8 years later, I am no longer just investing in the economy; I am also part of it. If, as a grad student, I was observing only the black surface of the box, now, as an employee (or, at least, an erstwhile one), I can see the cams and pistons that its machinery comprises. The pragmatic theory of the stock market is much easier to justify is one is outside of the box, looking in, rather than inside, looking out. Ignorance truly is bliss.

I find it remarkable how many companies violate the laws of unit economics: their cost to acquire a customer is more than the profit they derive from that customer. (My former company is about to shutter because of this problem.) One example is Blue Apron, the meal-kit subscription company. Shortly after its S-1 filing (which is a financial form sent to the SEC by a company that seeks to go public), a professor at Emory University, Daniel McCarthy, published a pair of fascinating essays: 1) “Blue Apron’s IPO Filing Implies Troubling Customer Retention” and 2) “A Detailed Look at Blue Apron’s Challenging Unit Economics”. (They are relatively accessible even if you don’t have a background in economics or statistics.)

He writes, “virtually all the analysis [of Blue Apron to date] has focused upon traditional financial metrics such as revenues and net profits (e.g., “revenues and losses are both going up!”) or surface level analysis of their disclosed customer metrics (e.g., “average orders and average revenue per customer were down year on year!”).” McCarthy discovers that Blue Apron was likely stuck on the “acquisition treadmill.”. It would spend heavily on advertising to acquire new customers, at a cost of roughly $100 per customer. Each customer would make the company, on average, $25 in gross profit per month. However, more than half of those customers left after the first month of their subscription, and more than 70% abandoned the service after 6 months. The math, at this point, should be obvious.

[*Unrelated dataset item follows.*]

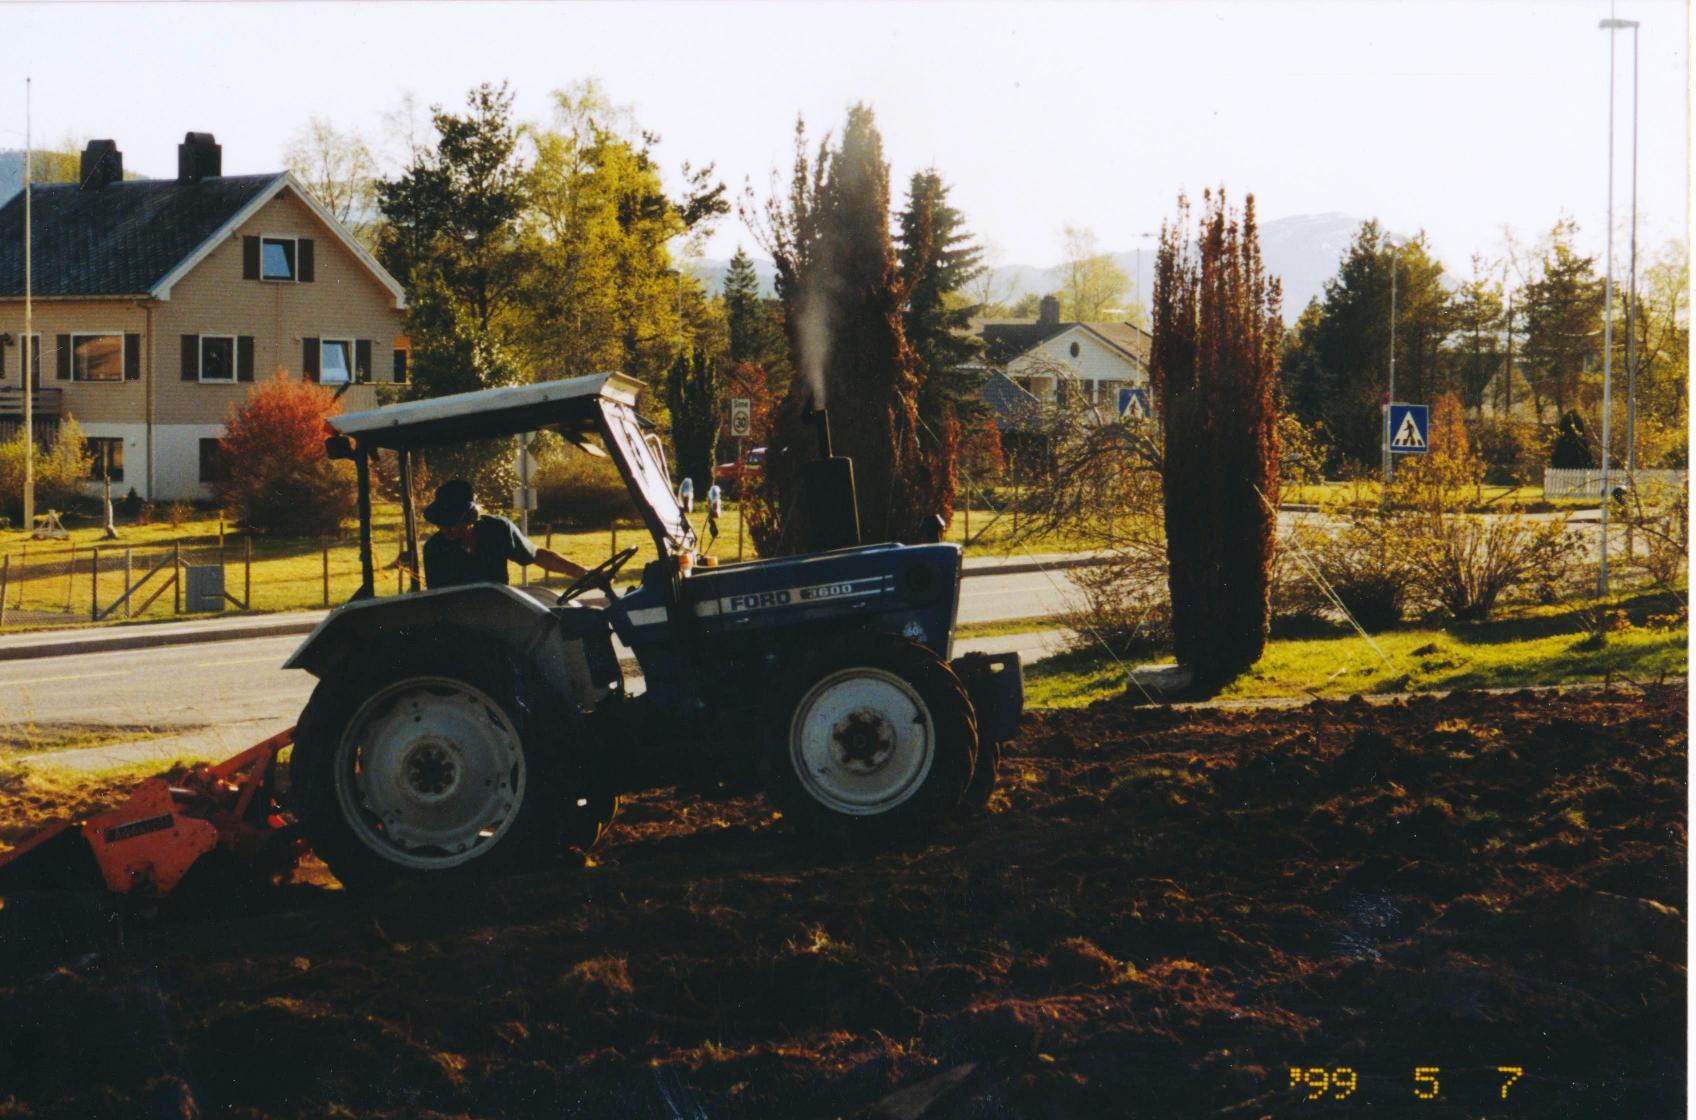 Dugnad027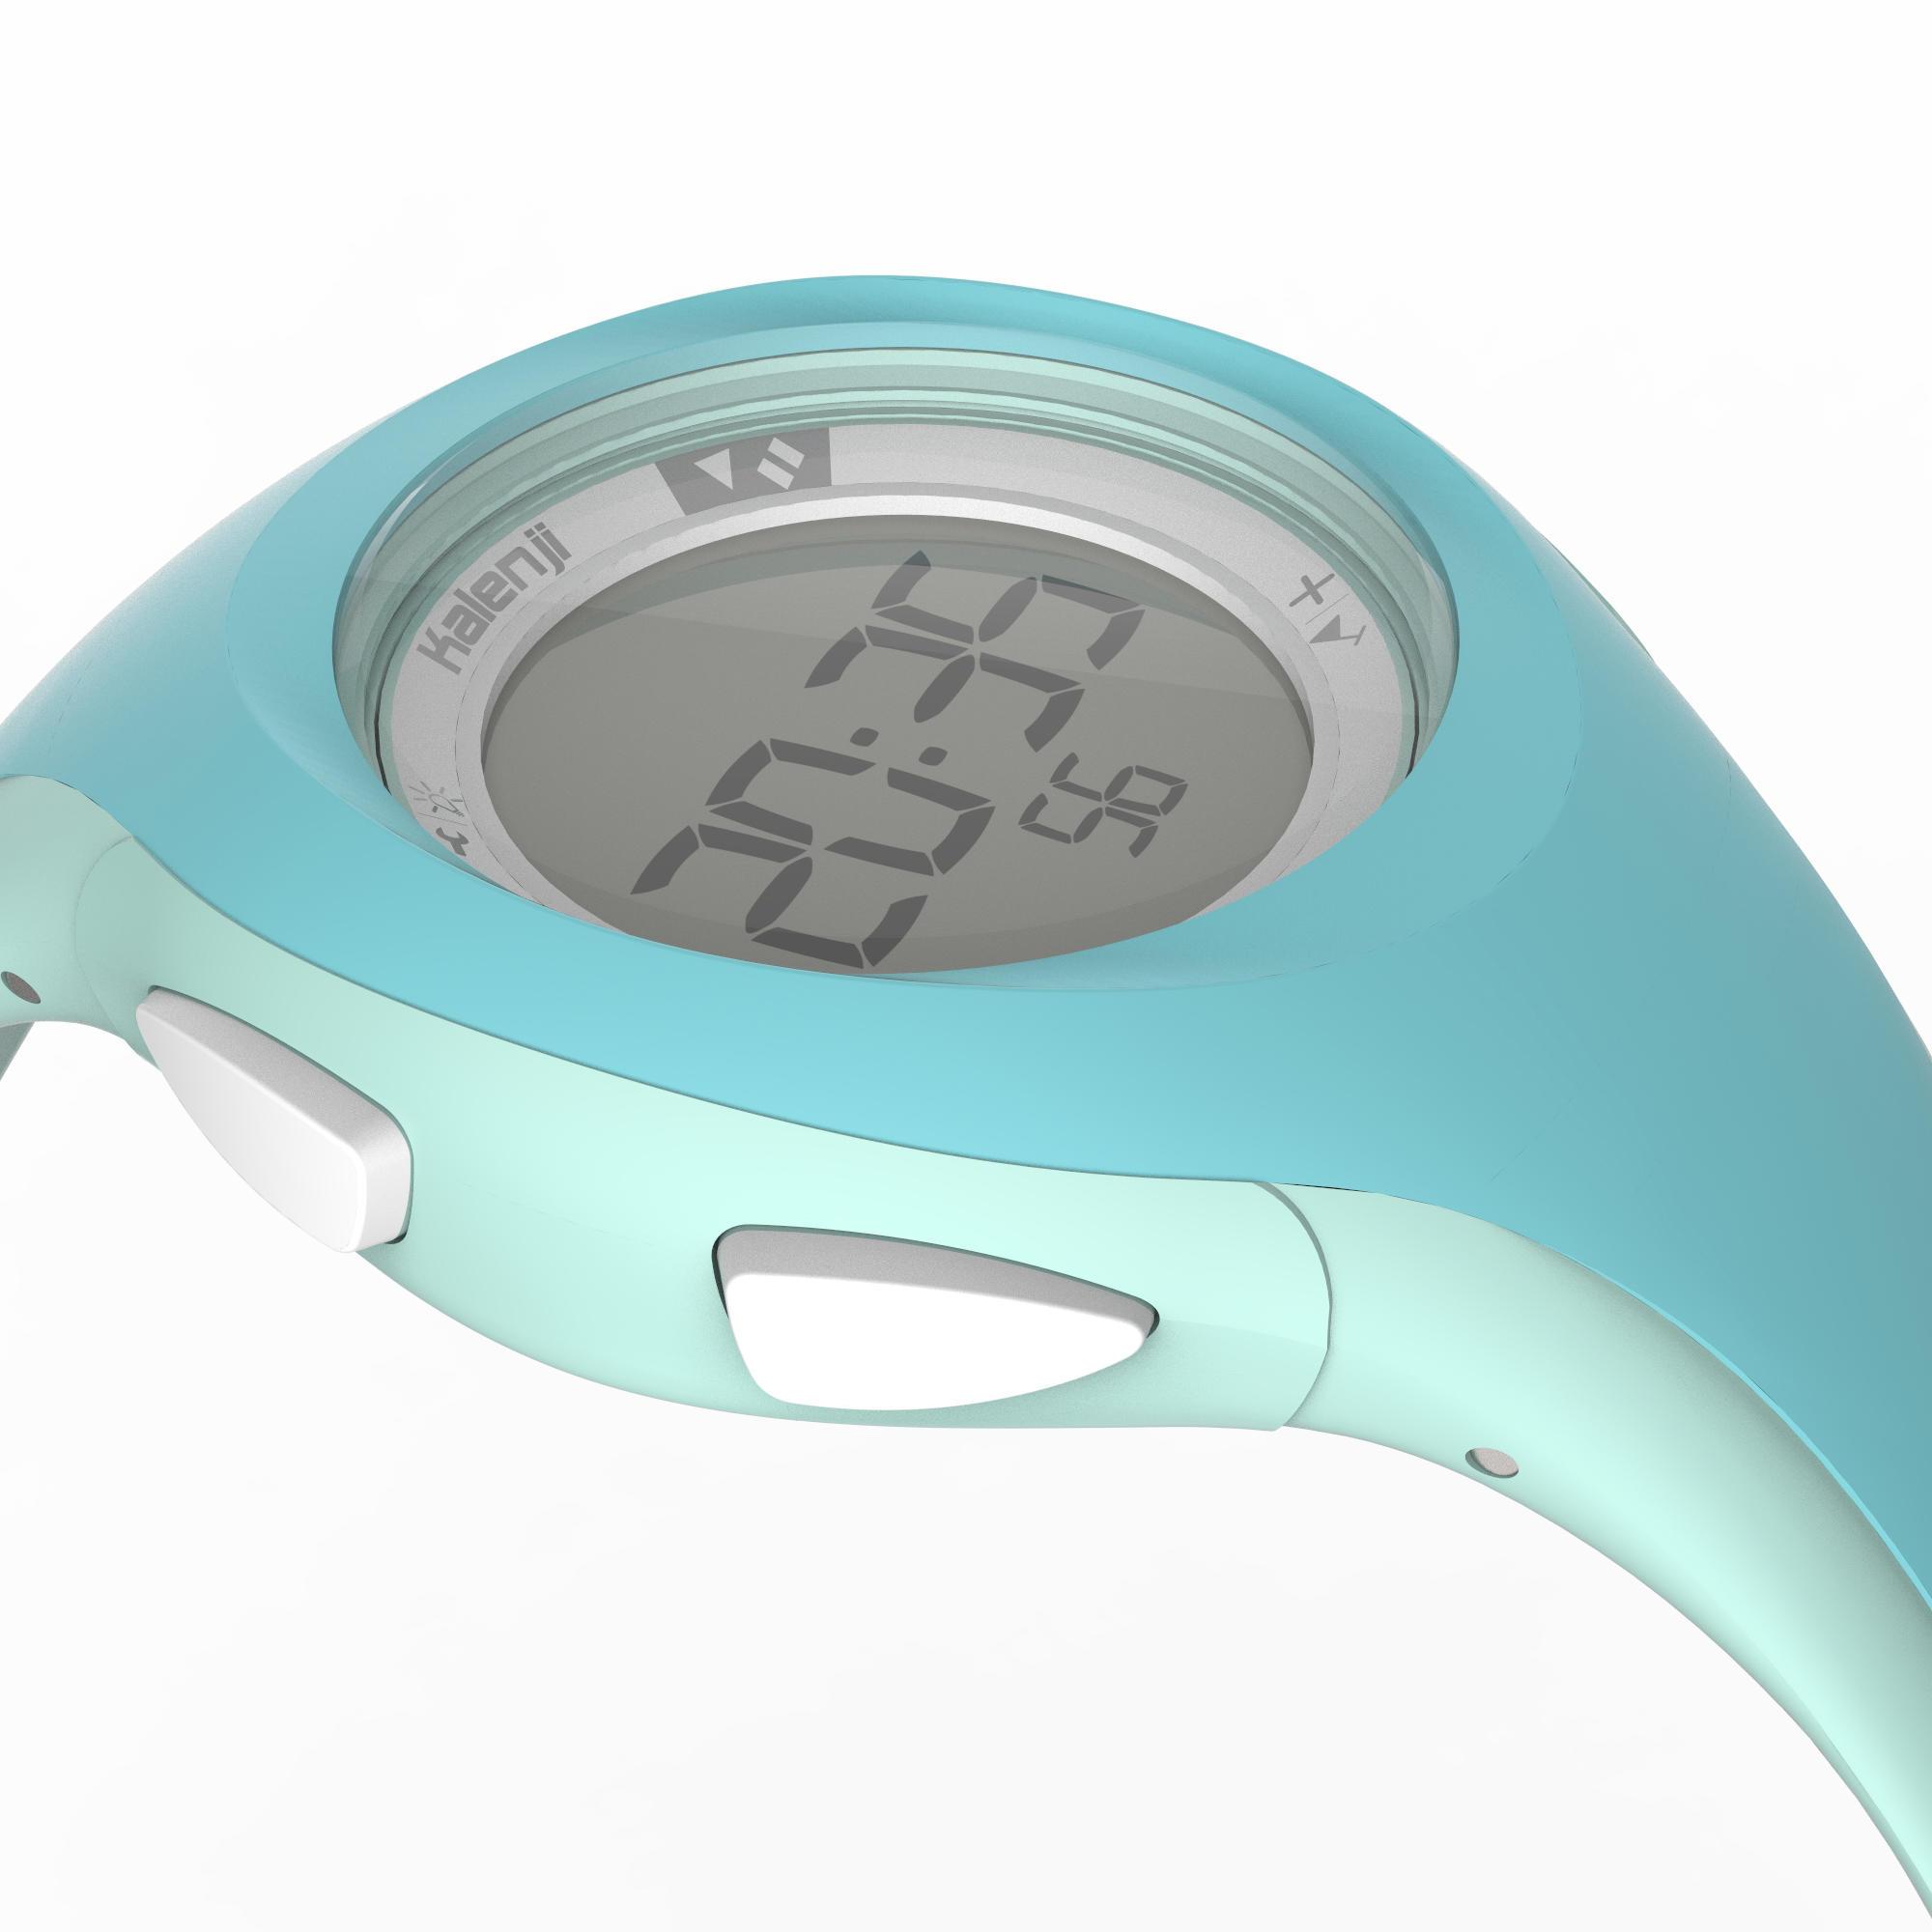 nuevo estilo ae146 8b992 Reloj digital deportivo mujer y junior W200 S temporizador verde pastel

McCarthy estimates that 70% of its customers were unprofitable on a unit economics basis (i.e., before accounting for overhead costs). And it is almost certain that Blue Apron’s leadership was aware of these problems before filing for the initial public offering (IPO):

But what did the S-1 actually say about the true underlying propensity of subscribers to acquire and stay with Blue Apron? There has been far less written about this, because as Tren Griffin and PitchBook Data had noted, churn metrics were surprisingly absent from the filing (in stark contrast, for example, to the treasure trove of customer data disclosed in furniture e-commerce retailer Wayfair’s S-1)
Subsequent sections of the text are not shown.